Как угорелый примчался я домой, бросил на пол портфель и давай отделывать вприсядку! Ная с минуту недоумевала, не могла понять, что случилось, а потом поймала меня, схватила голову, стала целовать, приговаривать:
— Знаю… знаю… знаю… Приняли? «Чапаева» приняли? Да?
— Да… да… — задыхался я, вырывался снова из ее объятий, снова и снова кидался плясать.
Через минуту достал чапаевскую карточку и помчался — усталый и потный — в Истпарт. Отдал Штейман, она улыбнулась, дескать: «Ишь как прытко забегал…»
Весь вечер, ночью занимаясь — только о «Чапаеве», только о нем и думаю. Сегодня отнесу еще «Посвящение», а потом спросить хочу Лепешинского, не даст ли он свое предисловие? Мнения он о книжке отличного: пусть даст! Кашу маслом не испортишь! А может, и не скажу ему ничего, еще сам того не знаю… Пойду…
«ЧАПАЕВ»
Вчера были на авторской корректуре три листа (2, 3, 4-й). Тщательнейше страдал над ними — часа по два над каждым. А то и больше. Так никогда не страдаю, когда «ВМиР»[34] хотя бы на свет произвожу, а там ведь я — выпускающий. Тут по-иному чувствую себя: свое… родное… «Чапаев» тут…
Своя рубаха к телу ближе. Свое дитя — дороже. Вот они, непроизвольные доказательства наших инстинктов!

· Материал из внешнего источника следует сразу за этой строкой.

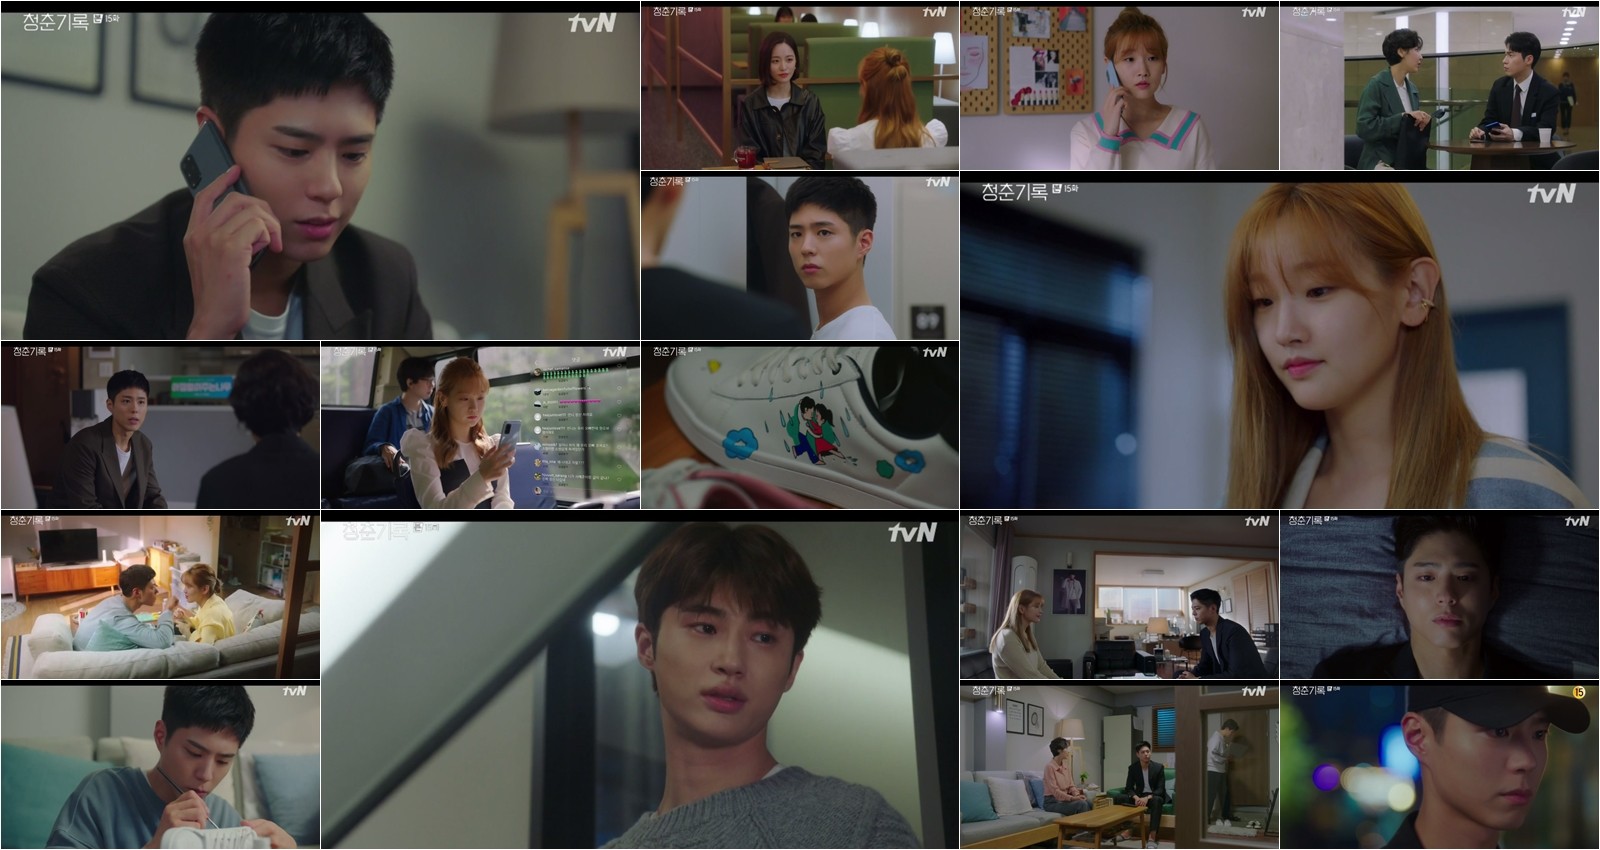 The fever of Record of Youth Park Bo-gum made the hearts of viewers.On the same day, Ahn Jeong-ha (Park So-dam) said goodbye to Park Bo-gum, who made it difficult for the two to say that Im sorry than Love became a habit.I decided to end the stable love, and Sa Hye-joon chewed on his pain.Sa Hye-joon prepared the event for the stability that would have hurt him by this incident, as he promised his unchanging love, leaving happy moments as a picture and presenting the only shoes, but it was counterproductive.I knew the sincerity of Sa Hye-joon in a stable gift, but I was hurt once again by my mothers snobbish thought that she would meet with Sa Hye-joon and benefit economically.The drama, which Sa Hye-joon appeared in the ongoing drama, also had problems. The scene atmosphere was cold due to the decline in TV viewer ratings, and the advertising company was also dissatisfied.In a situation that is not getting better, Lee Min-jae asked Sa Hye-joon to release the letter, but he wanted to keep his conviction saying he could still endure it.Sa Hye-joon, who is tired of exhaustion, expressed his intention to rest after finishing this work. It is not all that you can see, said Sa Hye-joon, a manager named Chi-young (Kim Min-chul), who is unwavering.I cry every night, so I laugh during the day. The reality of Sa Hye-joon, who can not be happy even after dreaming, was sad.I finally broke up with Sa Hye-joon, who had been struggling for a hard time, and said, Do you remember saying that I will never say sorry if I love you?Do you know how many times Im sorry when I met you? Sa Hye-joon could only say sorry.I know that Sa Hye-joon is harder than anyone else, so I am stable. I will not do what I get anymore.I will go back to my daily life before I love you. Sae Hye-joon could not catch him.The situation that even his loved one could not keep hurt him. The emptiness grew bigger as negative public opinion was poured into the text disclosure with Charlie Chung, who thought it was a breakthrough in the crisis.The tears of Sa Hye-joon, who blamed himself for not being able to keep his promise that he would do better to never say sorry to his beloved lover, have brought empathy.The reality of being able to keep things of value, though he had achieved Actors dream, made him unhappy. He realized the limit of his conviction.Sa Hye-joon, who was breathing and breathing in pain, looked for the stable again as if he had decided to do it. I can not break up with you.

Многое от старого, так многое, что буквально на каждом шагу!
«ЧАПАЕВ» И СЧАСТЬЕ
В течение недель двух, когда уже все определилось, когда книга принята, набирается, печатается, когда уверен, что она пойдет, безусловно пойдет, ничто ее не задержит, оплачена на 80 %, — вся нервность пропала, острота переживаний миновала. Иду по бульвару и размышляю:
«Жизнь… Что такое жизнь? Это сумма всяческих моментов, отличных, счастливых и гнусных, отвратительно мрачных. Жизнь — неустанные поиски счастья. Каждый ищет его, каждый ищет по-своему и в разном видит его, узнаёт, чувствует. Но спроси человека: где твое счастье? Он ответа тебе не даст. Когда ты это счастье знал? Конкретно, определенно, назови мне момент и факты, которые считаешь выявлением счастья? На это тебе человек никогда ничего не ответит, ибо он знать своего счастья не умеет (пока что), а только умеет ждать его, искать, надеяться на него… Мало. Но большего не умеет. Так вот, идучи бульваром, думал: где счастье? К примеру, скажем, написал вот книгу, „Чапаева“ написал. Всю жизнь мою только и мечтал о том, чтобы стать настоящим писателем, одну за другой выпускать свои книги. Это — мечта всей жизни. Так неужели нельзя счастьем назвать то время, когда выходит первая большая книга? Ведь, кажется, надо бы в бешенство от счастья и удовлетворенья приходить! Надо бы сказать себе определенно: вот оно, счастье! Я его ждал, искал, добивался — и вот оно со мною, у меня, я им обладаю: чего ж еще?» Так размышлял, идучи Пречистенским бульваром. Было время, плыли часы предвечерних сумерек. Тихо, широкими мягкими хлопьями падал, порхая меж дерев, предвесенний прощальный снег… Скоро весна. Скоро тепло, ручьи, птицы, переполненное сердце. Но теперь кругом все еще белые, теплые пуховики оробевшего снега. Он затаился, как заяц от опасности, он знает, что скоро его не будет, и мохнатую рыхлую голову вобрал в оголенные плечи, задышал слабосильными, неядреными ветрами, стал беспомощен и тих, пародией на бураны, только яснее обнаружил, как слаб, беспомощен, обречен на близкую погибель…
И когда думалось про это — блаженство разливалось по увлажненному тихими мыслями организму. Становилось мудро-хорошо и в сознании и в чувствах. Это — счастье. Ощутимое. Теперь же, ни раньше, ни позже.